Built in 1896, in the Second Empire Period style, Grimes Mill is one of the last roller mills in America. The mill opened in 1897 as the North Side Roller Mill under the ownership of J.C. McCanless, D.R. Julian, N. B. McCanless and A.C. Mauney. When the company went bankrupt in 1906, a Lexington investor, John D. Grimes, remodeled the mill and pulled operation back into gear. The Mill produced flour as well as stock feed, bran, corn meal and poultry feed. Originally the mill had three storage bins which Grimes expanded to twelve bins. The ill chugged along, making a few production changes and additions until March 1963, when John Grimes, Percy Grimes’ son, shut down operations. Three months later Davis Mills of High Point, one of the state’s largest flour-milling companies at the time, bought the mill. By the time the mill closed in 1982, however stock feed was its main product.

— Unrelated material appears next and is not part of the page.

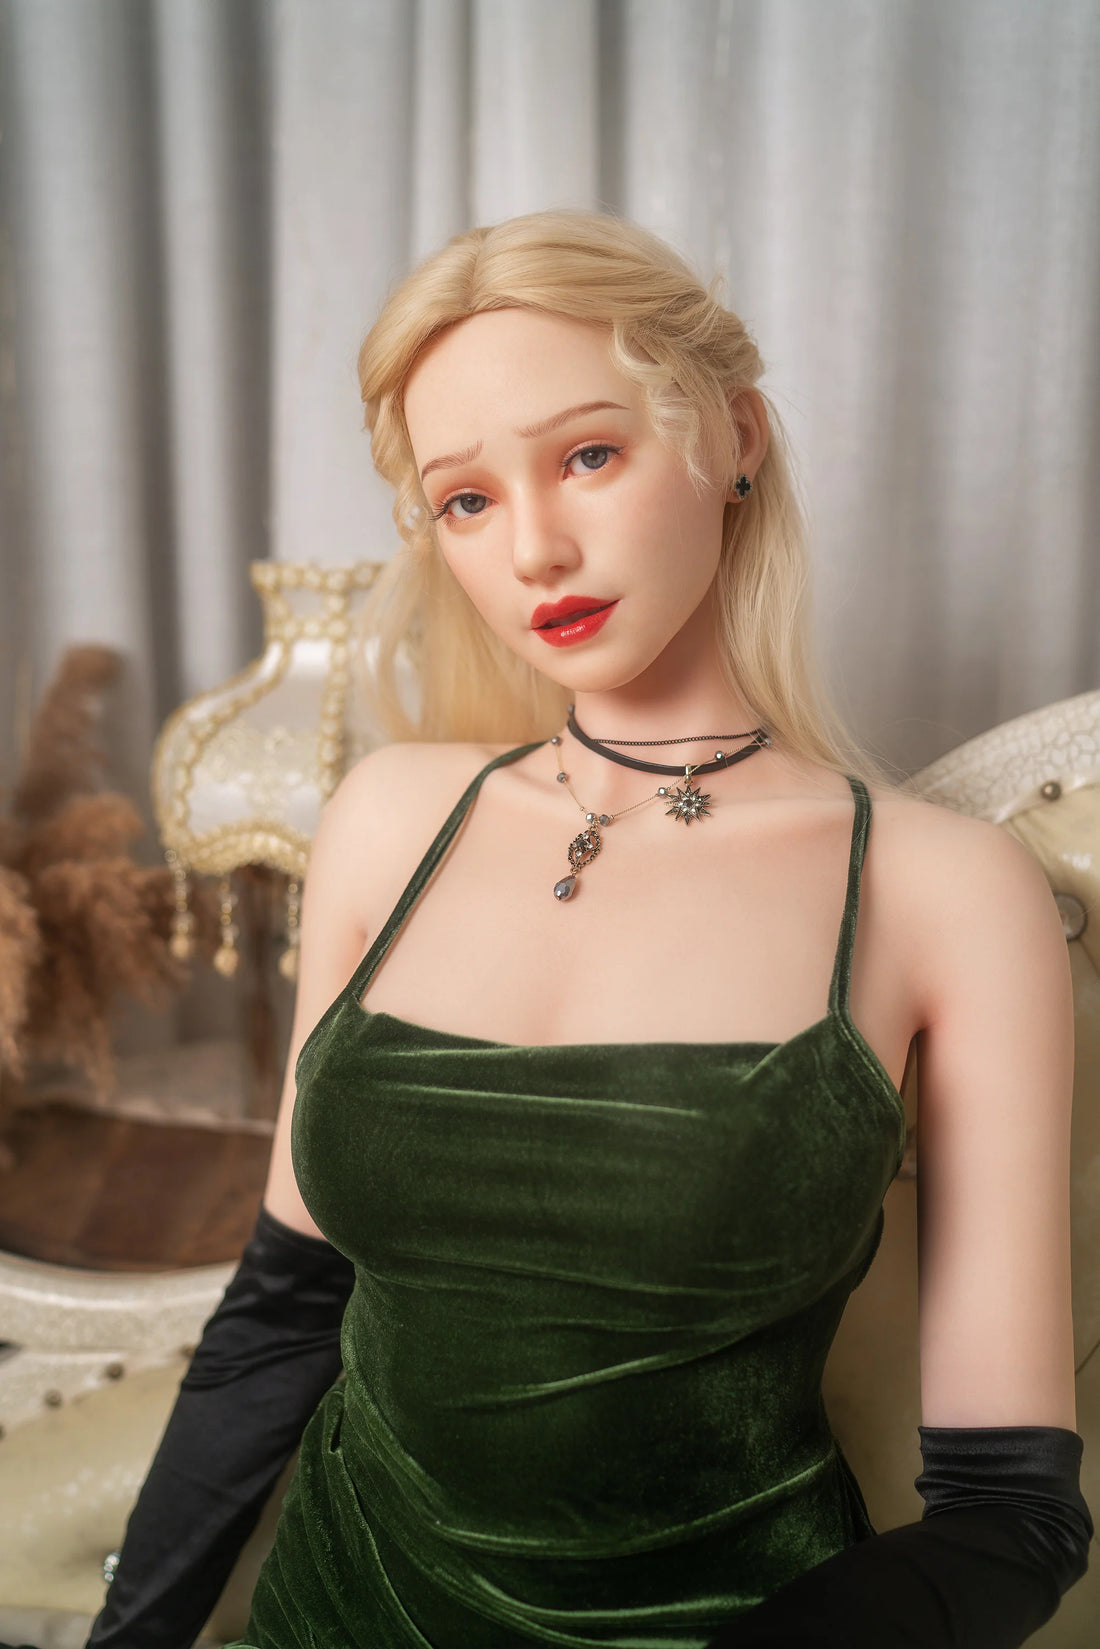 175cm/5ft9 E-Cup Super Real Silicone Sex Doll with

The authenticity of the mill, which has been left just as when it operated, hangs in the air like the flour left over from 80 years of milling. Old machinery and a maze of wooden chutes stand in the building like giants guarding their castle. Today, it houses original machinery as well as other tools and accessories of the miller’s trade.
This is from an article originally published in The Heritage of Rowan County, North Carolina by the Genealogical Society of Rowan County.1
Grimes Mill was purchased by the Historic Salisbury Foundation and restored; however, on 16 January 2013 it caught fire and burned to the ground. The Foundation sold the clay bricks for $100 each to raise money for site cleanup.2
- Kathy Sanford Petrucelli, editor, The Heritage of Rowan County, North Carolina (Salisbury, N.C.: Genealogical Society of Rowan County, 1991.)